Something Krita excels at for me is being able to handle very large canvases without crashing or slowing down. This was a point of concern for me with Painter and I was amazed that Krita was able to continue running at full speed at progressively larger canvas sizes. While I do still learn about its limits, I'm able to push it farther than what I used to have.

If you had to pick one favourite of all your work done in Krita so far, what would it be, and why?

I've done a lot of different pieces over the last three years for Never Dot, many I'm very proud of, many that I cringe at. But one of the more exciting pieces I did recently was for last Halloween, which features a lot of my characters packed into a tight scene. Highly detailed scenes have always interested me, because you can see something new time and time again when you come back to it. Playing with lighting effects is also something I quite enjoy and this one takes advantage of it a lot. I previously noted that I have a hard time sticking to one genre and if anything highlights that, it's this scene with sci-fi, fantasy, modern day, dragons, and steampunk marching around.

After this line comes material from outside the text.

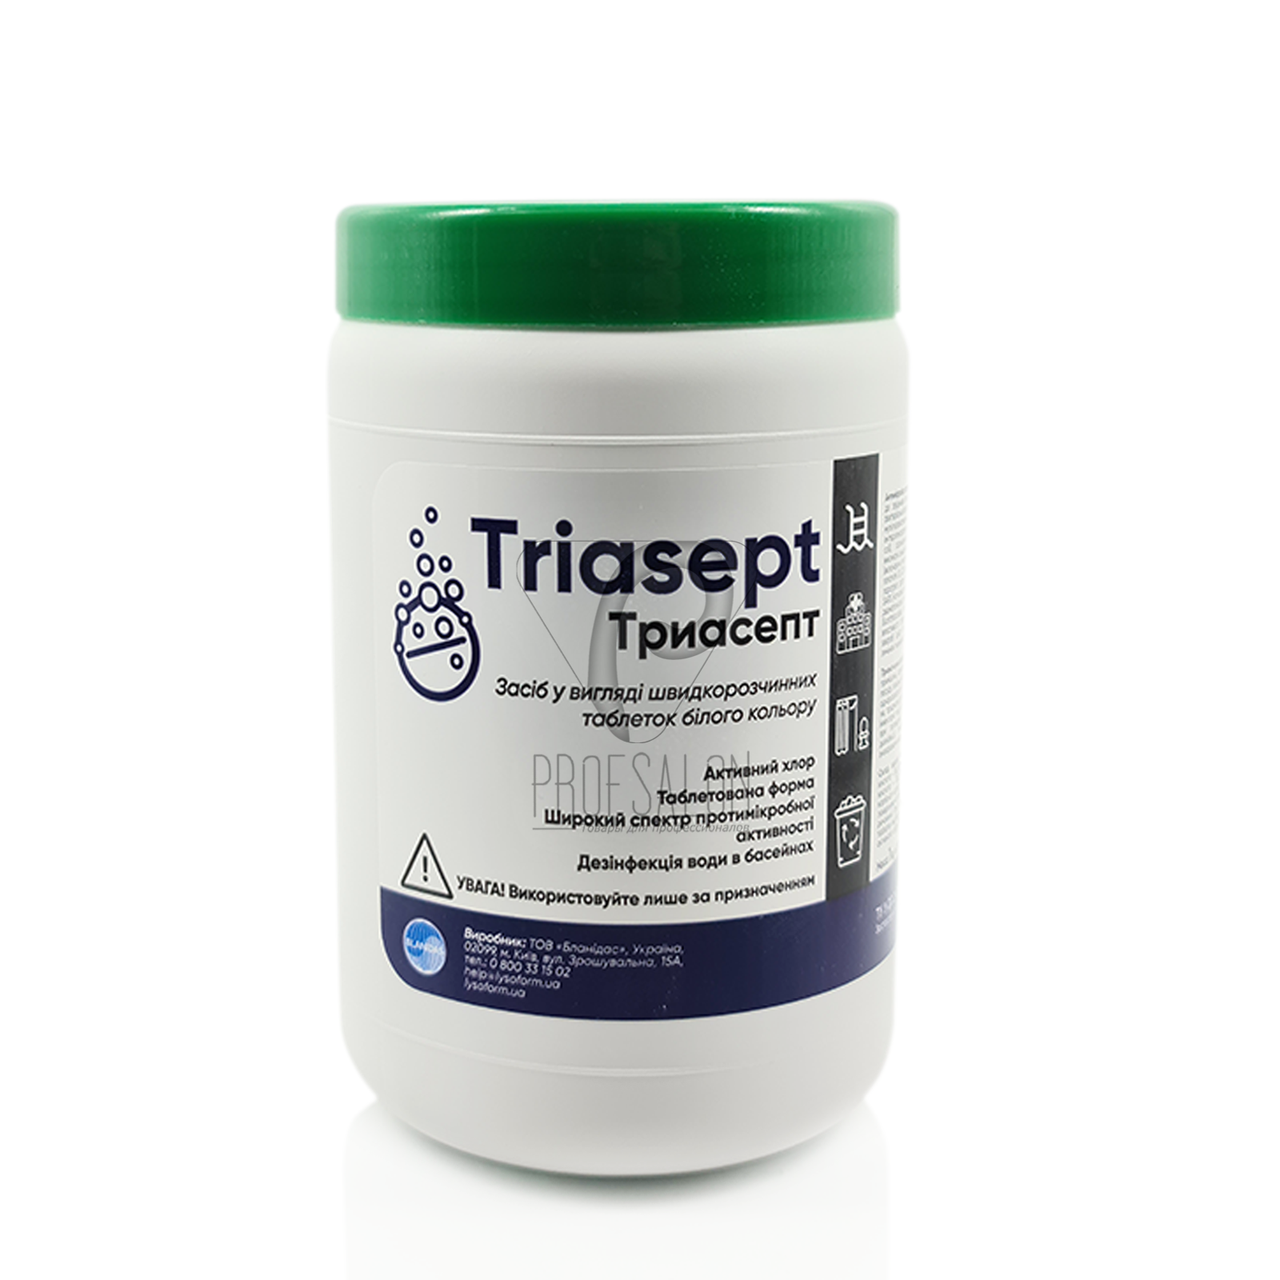 Тріасепт (таблетки), 1 кг засіб для дезінфекції, знезараження використаних медичних виробів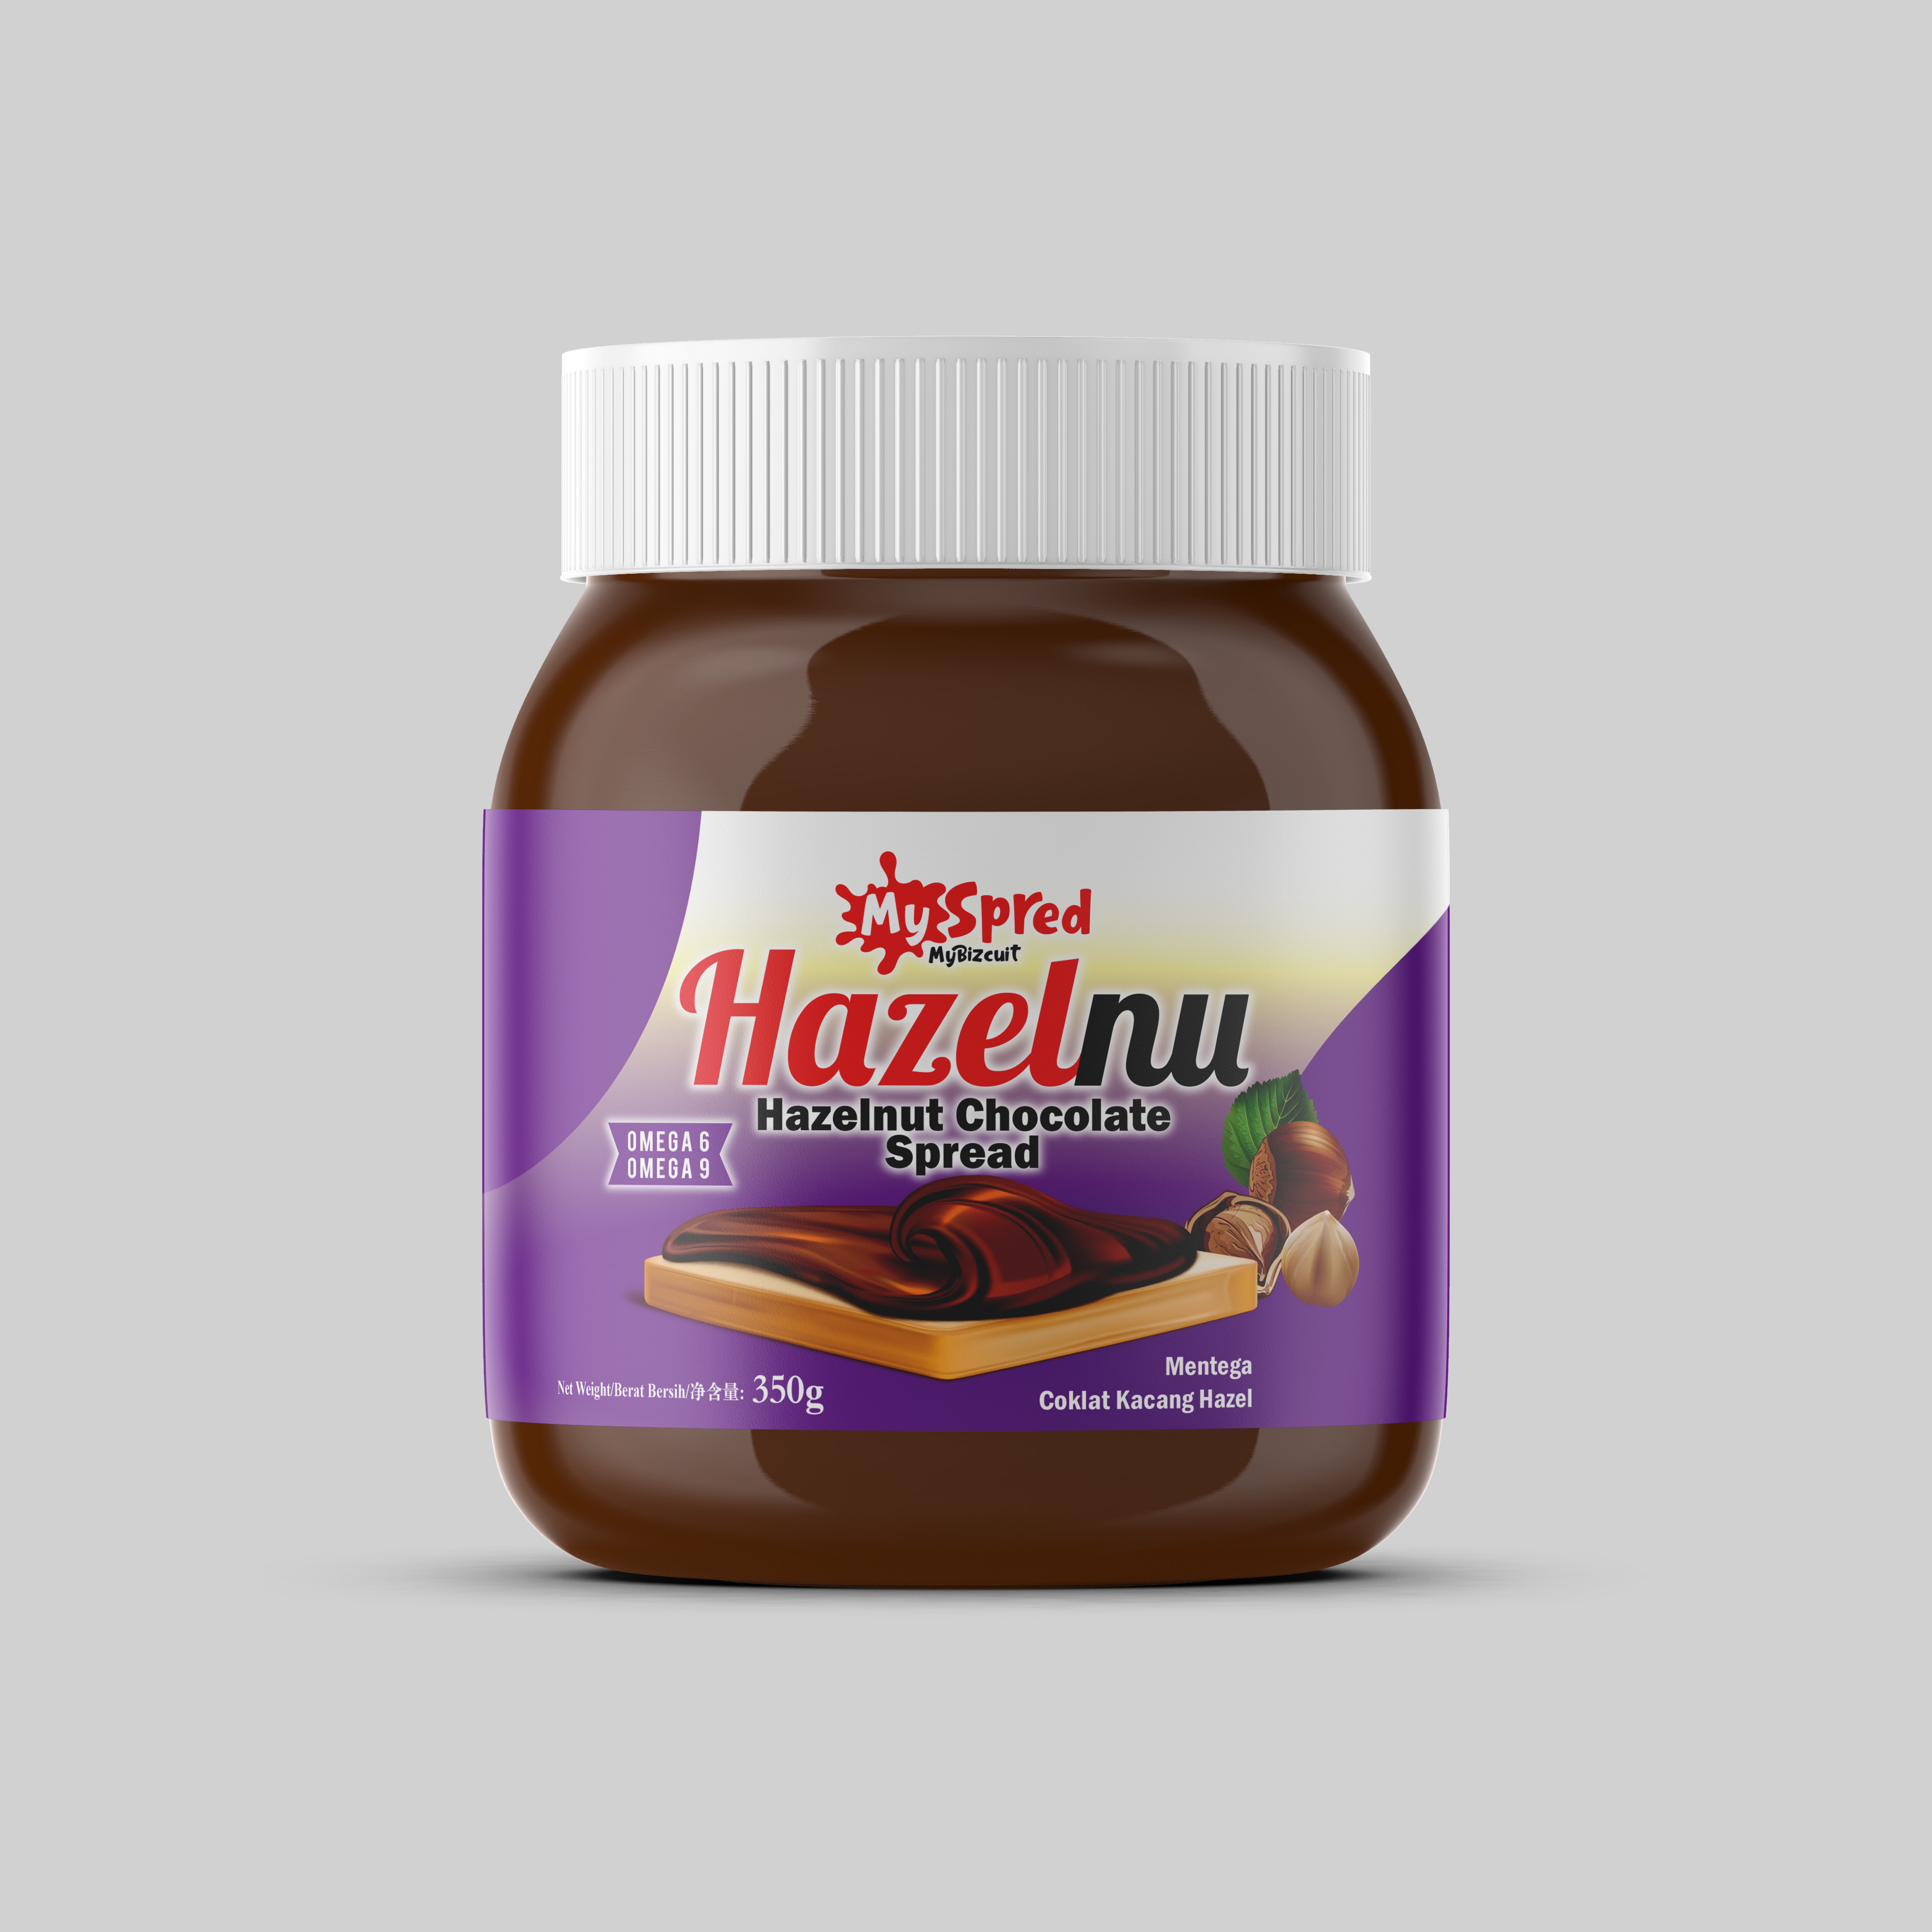 My Spread Hazelnu Hazelnut Chocolate Spread

What techniques and brushes did you use in it?

My work is mostly cartoon art and painted backgrounds. I created my own pen brush, as none of the ones in Krita were quite the same as what I was used to. It's a simple solid brush with hard edges.

I use the hard light layer mode for shading, using the inherit alpha feature to limit the shadows to the foreground character. This feature has saved me immense amounts of time.

Another extremely useful capability is filling line art into a different paint layer. This saves hours of my time.

Where can people see more of your work?

I put almost all of my work up on my website and various social media accounts. You can find my comics, drawing practice, and links to my children's books on my website at: https://neverdot.com

You can also look me up on Instagram (@neverdotworld), Twitter (@neverdot), and Reddit (/u/NeverDot). I've also got a YouTube channel where you can see the real me! Find that at https://youtube.com/neverdot.

I've self-published four children's books featuring my world which are fully illustrated with my work. The first book used Painter and the next three were completely done in Krita! You can get those on Amazon, Indigo, and other book websites. Check out my website details on the books!

Anything else you'd like to share?

Krita being open-source is a huge victory for both the open-source movement and digital artists. Anyone with a computer now has access to a fully capable drawing solution that compromises on nothing (well, maybe text support). If my professional Never Dot work becomes highly successful, I'll definitely be looking to financially support the Krita development team to ensure future generations of artists are able to benefit from such a polished art tool. Thank you Krita team! Your dedication to the project shows and everyone using Krita is thankful for having you working behind the scenes.